Беседы комиссара вселяли в бойцов несокрушимую веру в победу советского народа. Не раз можно было видеть, как Михаил Михайлович в свободное от боев время собирал бойцов, выискивал среди них гармониста и организовывал нехитрые фронтовые развлечения. Живой, подвижный человек, он и сам частенько пускался в пляс. За простоту, доступность и любили его бойцы.
Под стать этому человеку с большой душой были другие политработники дивизии - Марченко, Щур, Коринь, Ржечук, Орделов. Думаю, что один из основных секретов их успешной политической работы заключался в том, что они умели подкрепить свое слово делом и сами бесстрашно действовали в бою. Я уже говорил о мужестве Олега Юльевича Кокушкина. А он был не одинок. За отвагу, проявленную в боях, инструктор политотдела Савелий Никитич Ржечук еще в декабре 1941 года был награжден орденом Ленина. Боевые награды имели Григорий Яковлевич Марченко, Андрей Константинович Щур и другие товарищи.

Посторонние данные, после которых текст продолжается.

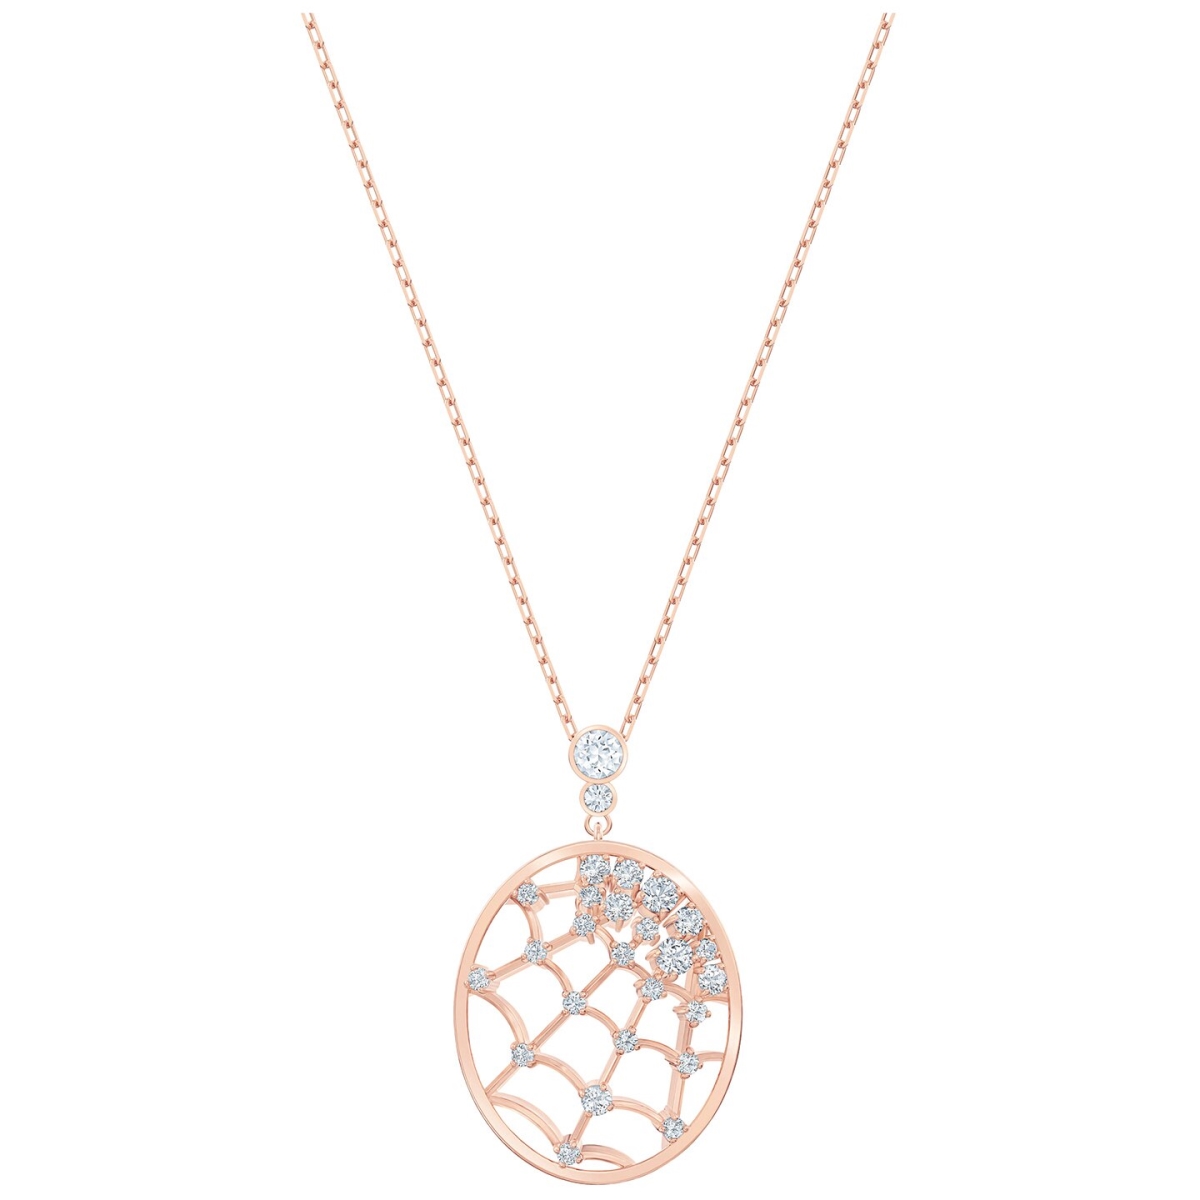 5488405 Precisely Pendant, Rose-gold Tone Plated - White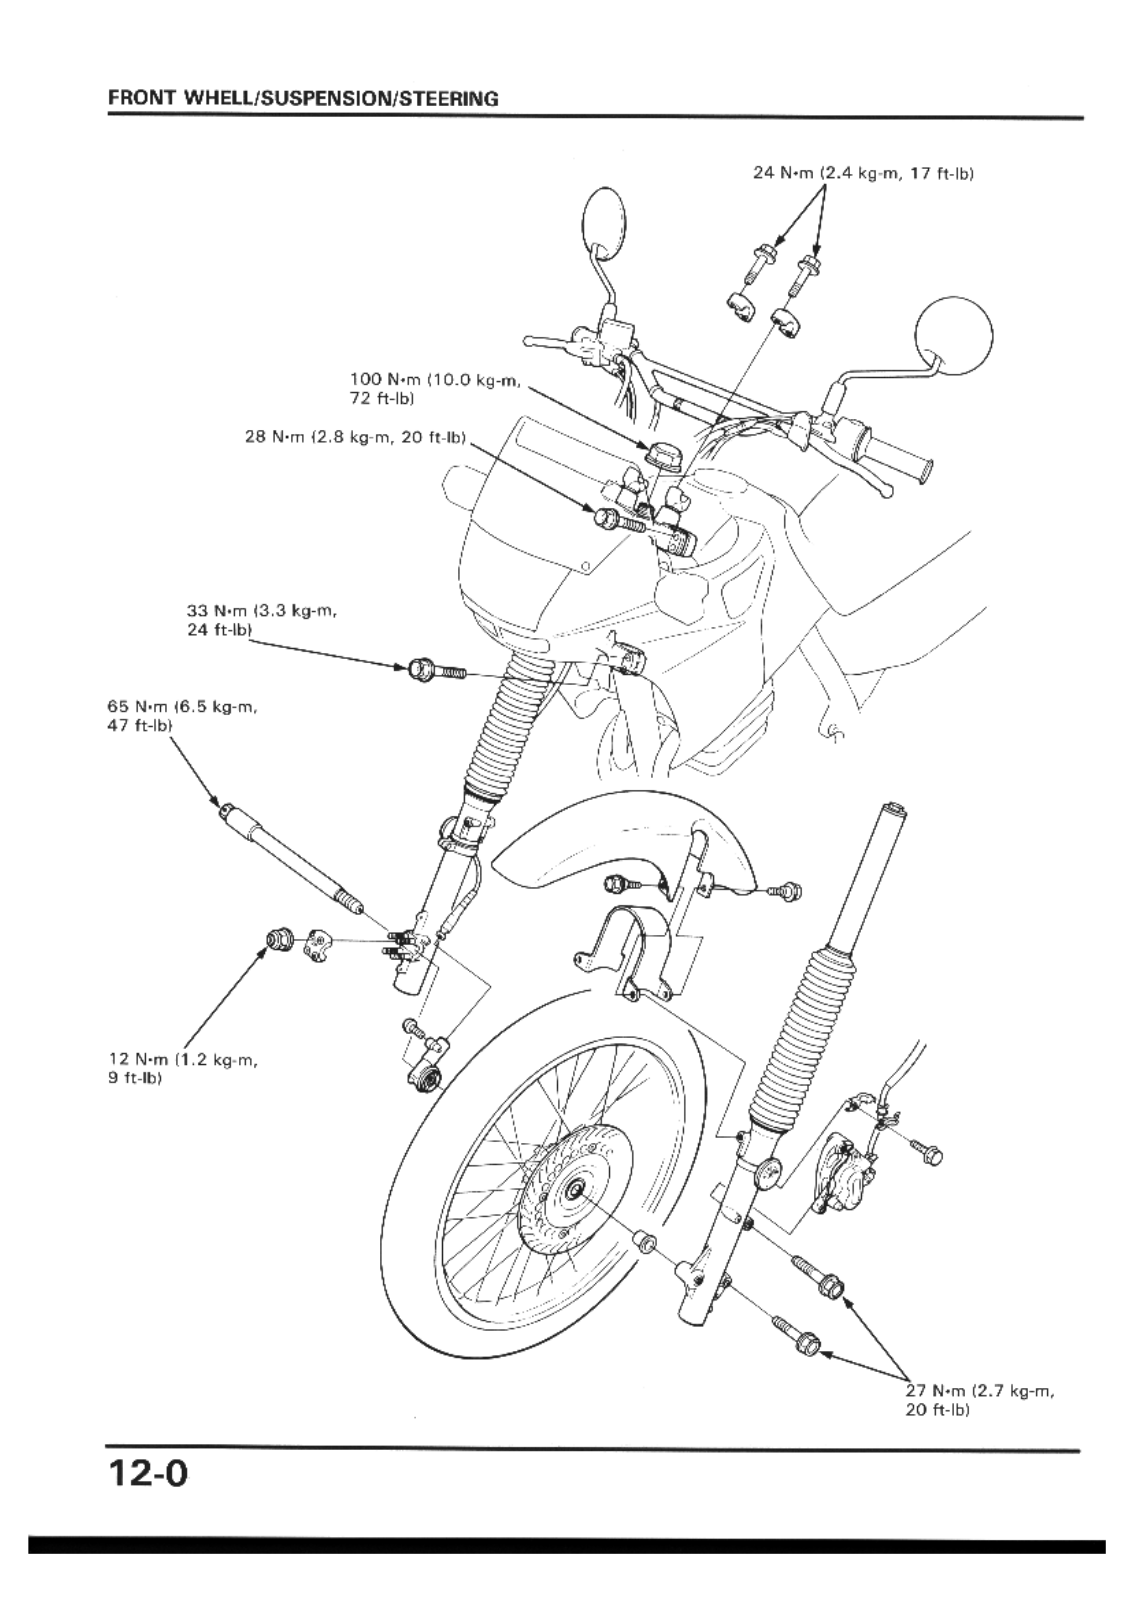 Honda 650 88-89, NX 650 88-89 Service Manual L Section 12 Front wheel suspension steering

Многие лучшие бойцы-коммунисты выдвигались на политработу. Отважный разведчик Попов-Печер был назначен заместителем политрука разведроты. При этом примечательно, что политрук разведроты Петр Мудряк, в свою очередь, был выдвинут на строевую работу и стал командиром батальона.
У нас не было резкой грани между политработниками и строевыми командирами. Каждый коммунист в любую минуту был готов взять на себя воспитательную работу среди воинов. И точно так же каждый политработник, как только возникала необходимость, брал в руки оружие и во главе бойцов шел на врага.
Огромную помощь политработникам оказывали партийные организации подразделений. Не прошло и суток после переправы дивизии через Волгу, как в одном из подвалов разрушенного здания уже собралась дивизионная партийная комиссия. Она рассматривала заявления бойцов и командиров о приеме в партию. С тех пор заседания парткомиссии и партбюро в полках проводили регулярно. Какие только вопросы не решали на них: от приема в партию и до овладения бойцами тактикой уличных боев. Эти заседания проходили в нескольких сотнях метров от противника. Здесь же, на переднем крае, молодые коммунисты получали свои партийные документы.
Руководители политорганов дивизии сумели найти необходимые формы политической агитации применительно к специфике боев в городе. Действия мелкими группами, характерные для городских боев, требовали изменения методов массовой работы. Индивидуальные беседы с бойцами, "письмо-летучка", отражающая успехи отдельных бойцов и целых групп, "боевые листки", рассказывающие о действиях гвардейцев, громкая читка газет, а иногда и книг - все это приобрело в наших условиях еще большее значение. Политработникам хорошо удалось наладить работу стенной печати в подразделениях. Много интересных материалов из жизни воинов опубликовала и дивизионная газета, которой руководил Орделов.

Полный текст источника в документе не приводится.